The second block, covering selected investment strategies in the Covid era, highlighted the fact that we are experiencing a whole new reality. Interest rates are very low, inflation is rising and stocks are too expensive. Should we be buying real estate, stocks, gold, or equity? The head of the Bohemian Empire hedge fund Štěpán Pírko, KPMG’s Igor Mesenský, RSJ Real Estate’s Lukáš Musil, Prague Stock Exchange CEO Petr Koblic, and Aurélien Bullot, in charge of the Five Arrows Private Equity Programme at Rothschild & Co (who joined the conference remotely from Paris), all weighed in with opinions. According to Lukáš Musil, investments in logistics centres have been the hands-down winners of the Covid crisis so far, and this trend is set to continue in 2021. On the M&A market, Igor Mesenský believes that sellers hold the upper hand, but that year 2021 will also unlock lucrative opportunities for buyers.

In the third block, Alexandra Bízková and Silke Horáková discussed passion and impact investing. Bízková, financial director of Pro arte, a fund specialising in fine art, later posted on her LinkedIn profile: “Twelve speakers and twelve-plus ways of making returns and beating inflation this year. Hard to compare when it comes to yields, but I can definitely say with absolute certainty that, no matter what the price, the aesthetic pleasure and joy that works of art bring is immeasurable!”

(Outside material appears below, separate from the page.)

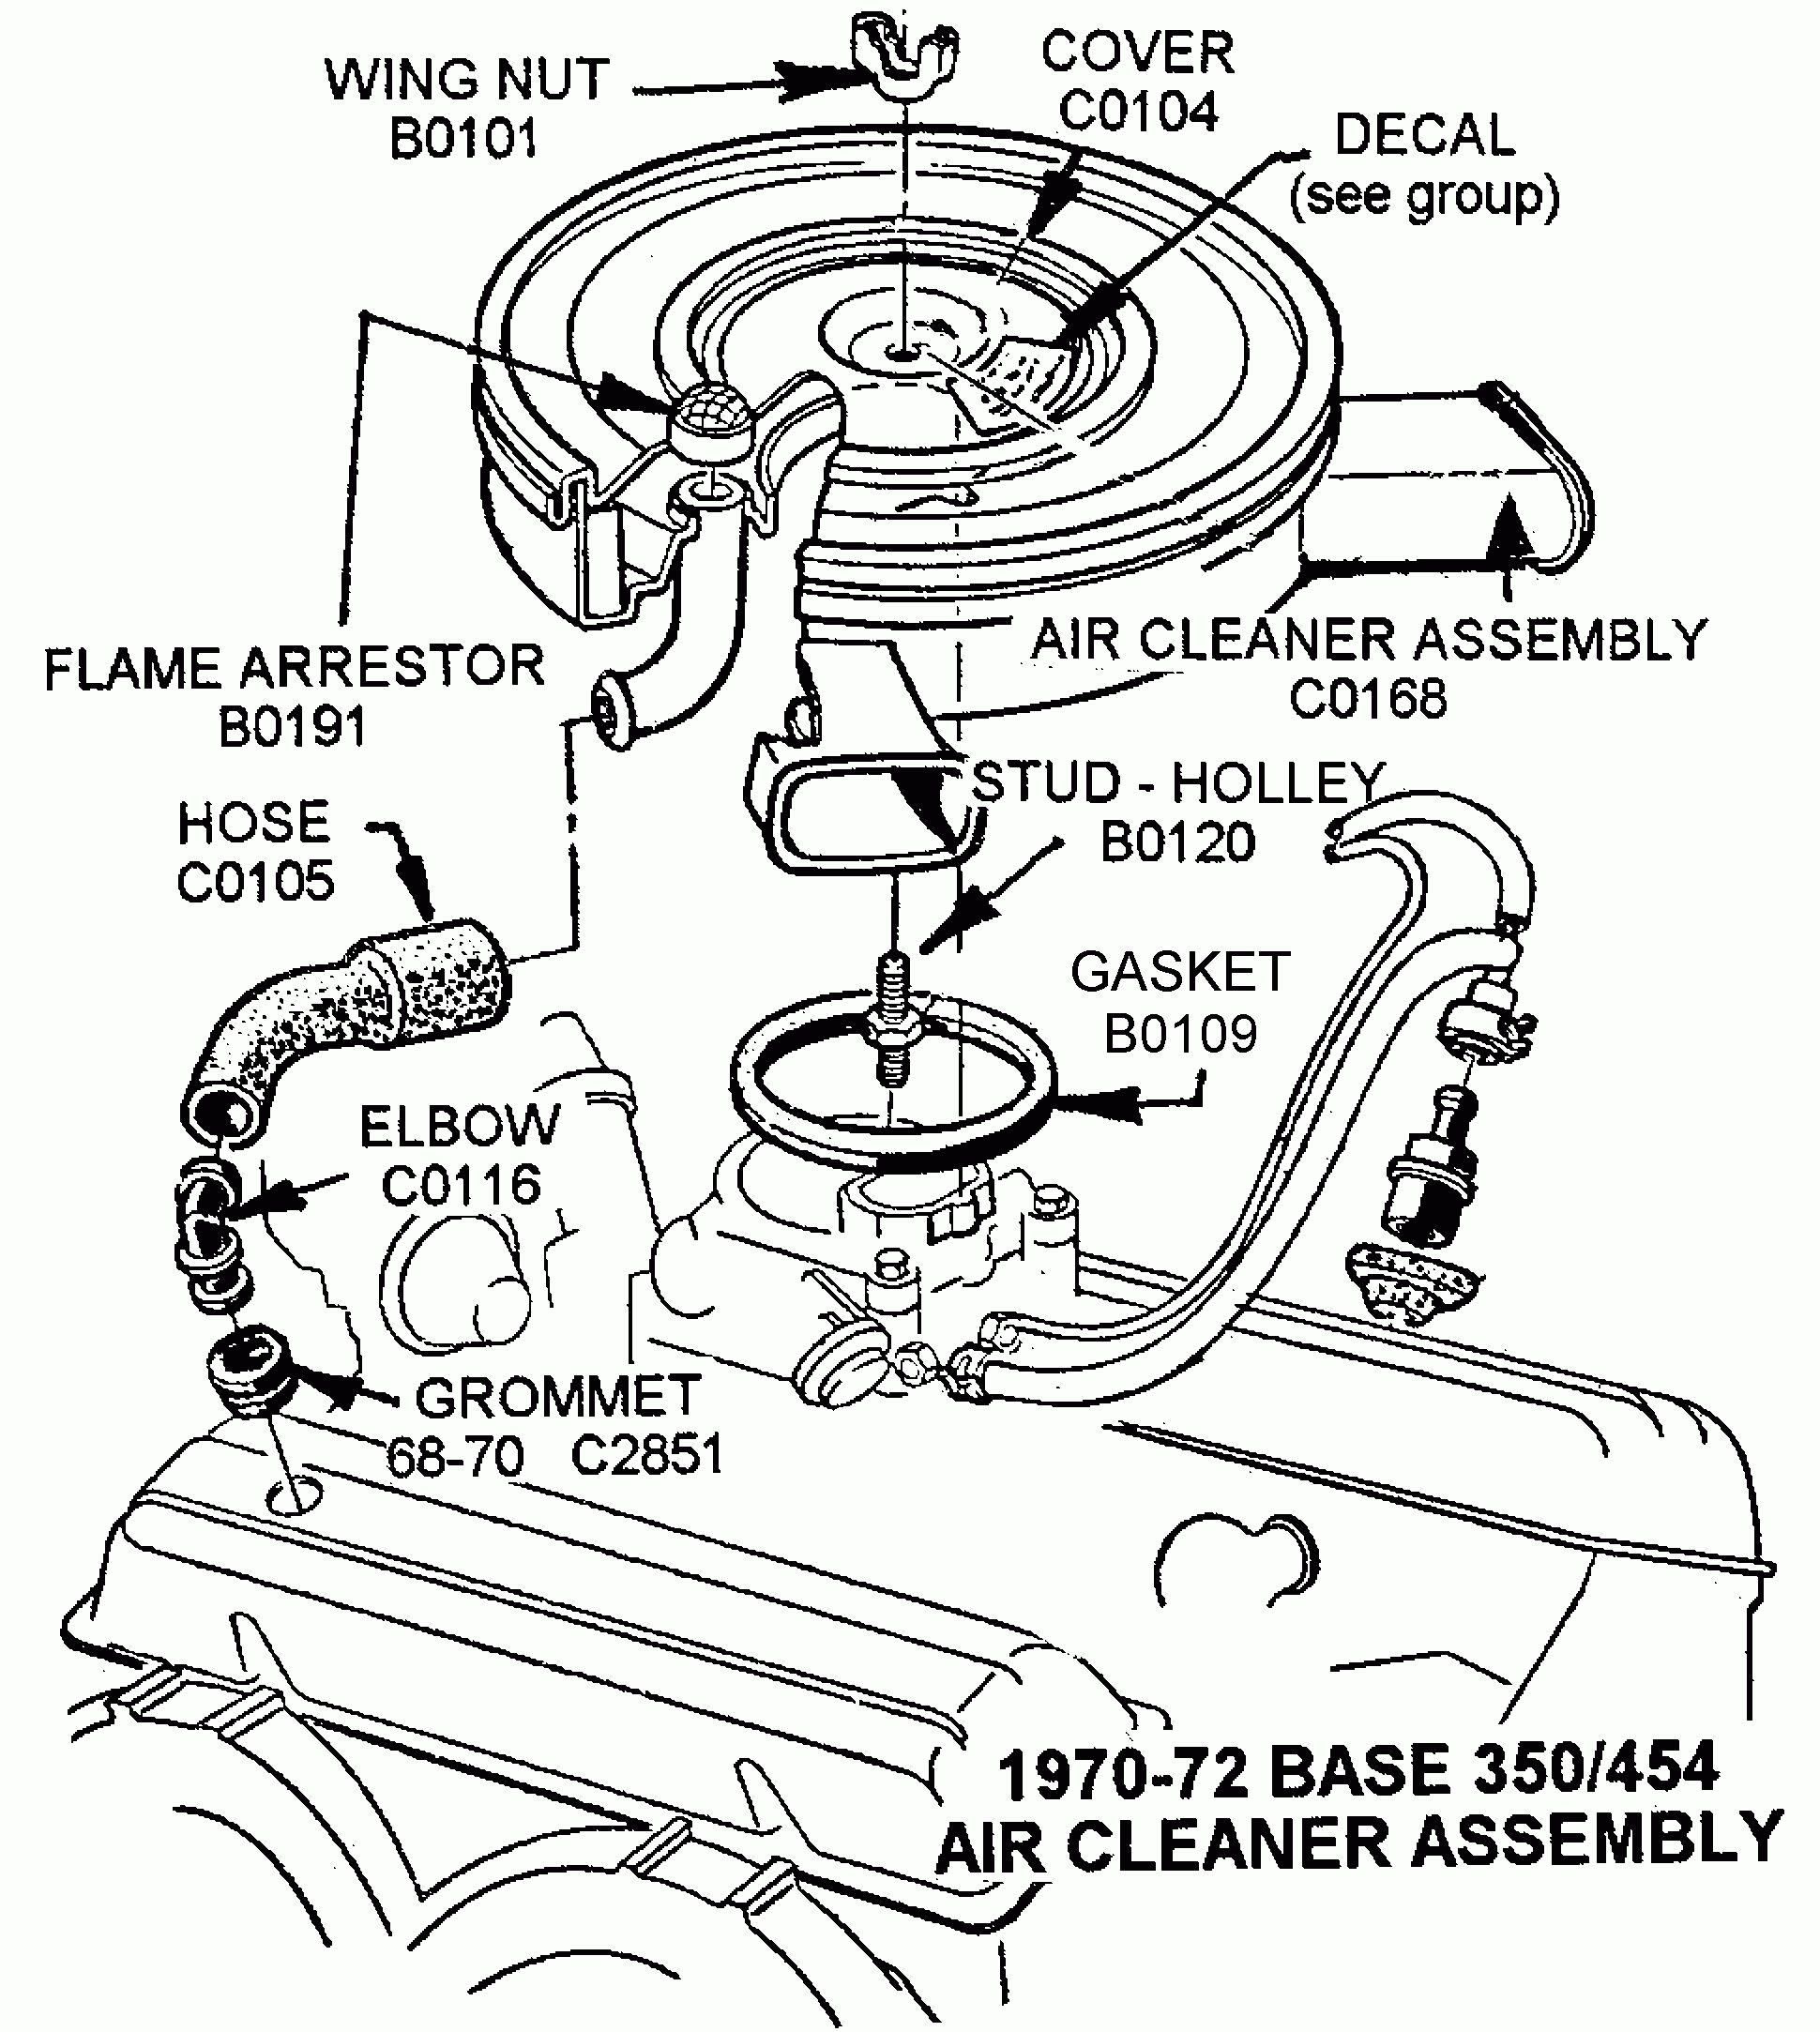 WIRING 1988 Chevy 454 Truck Engine Diagram FULL Version HD Quality Engine  Diagram - OKCWEBDESIGNER.KINGGO.FRokcwebdesigner kinggo fr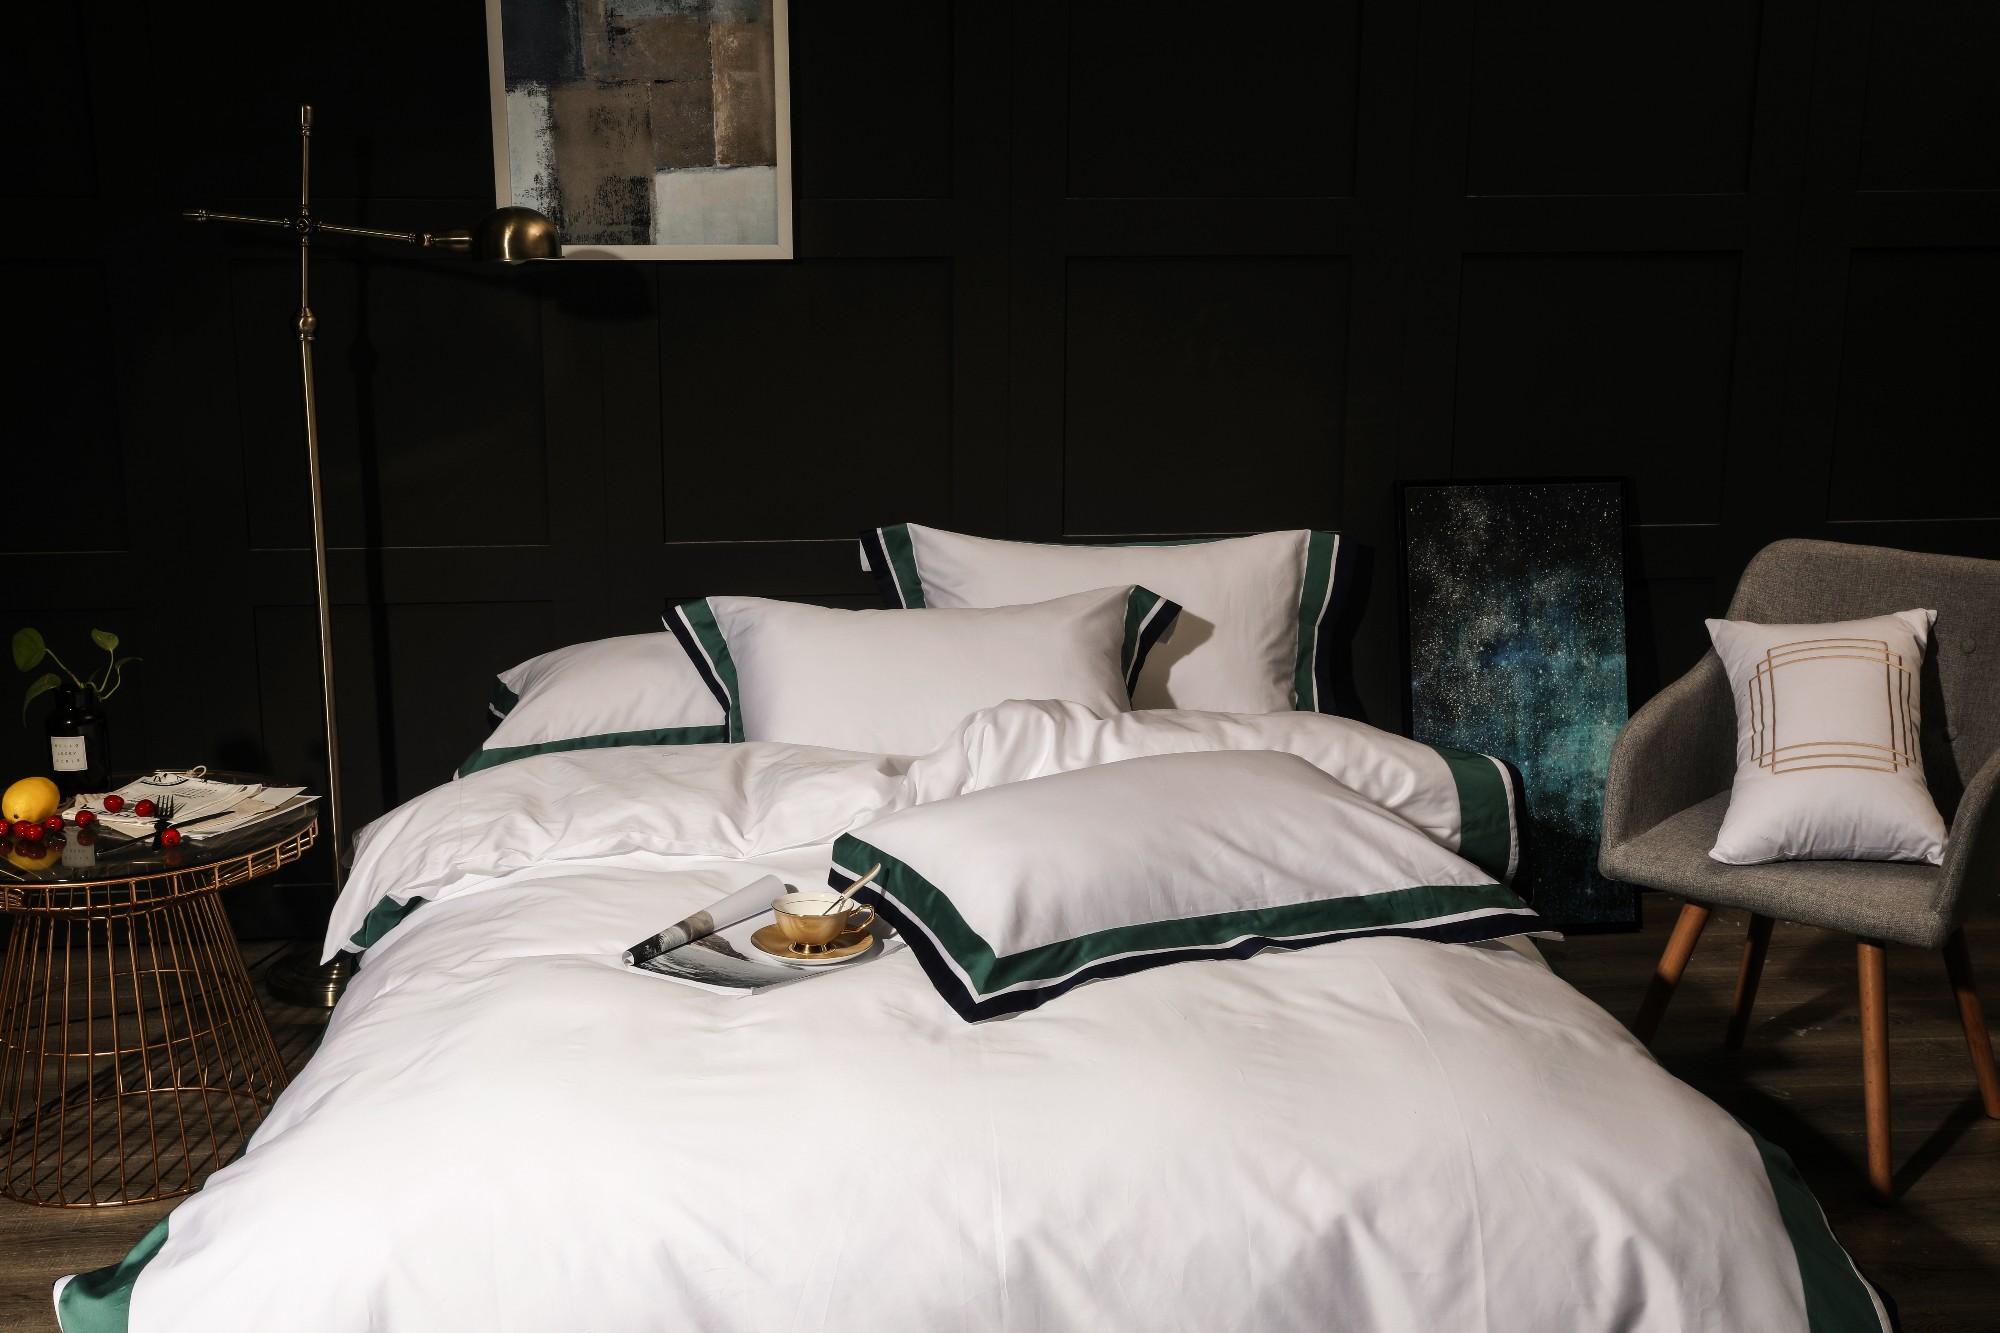 Cotton Bed Sheets Set Manufacturers, Cotton Bed Sheets Set Factory, Supply Cotton Bed Sheets Set

During the conference, attendees were given the chance to take a survey on the developments of selected asset classes in 2021. The results showed that 70% more respondents place greater faith in US stocks compared to those from emerging markets. EMUN PARTNERS family office investiční společnost’s Filip Savi reacted by observing that: “It will be very interesting to see how this plays out. In my opinion the current ‘risk-on’ landscape actually opens the door to growing interest in emerging market stocks. My main reasoning here is that the new US administration is expected to stick to a loose fiscal and monetary policy. This should keep the dollar down and fuel growth in emerging markets (measured in USD). In addition, I’m eyeing the valuation differences based on estimated earnings – EM P/E 16 vs US P/E 22.5.” Participants are also expecting one or two rate raises by the Czech National Bank and a stable-to-slightly-stronger Czech crown. 

Flawless though the online broadcast may have been, what pleased the organisers the most was that more than 75% of participants are hoping that the conference will return to a conventional in-person format next year, complete with refreshments and networking opportunities.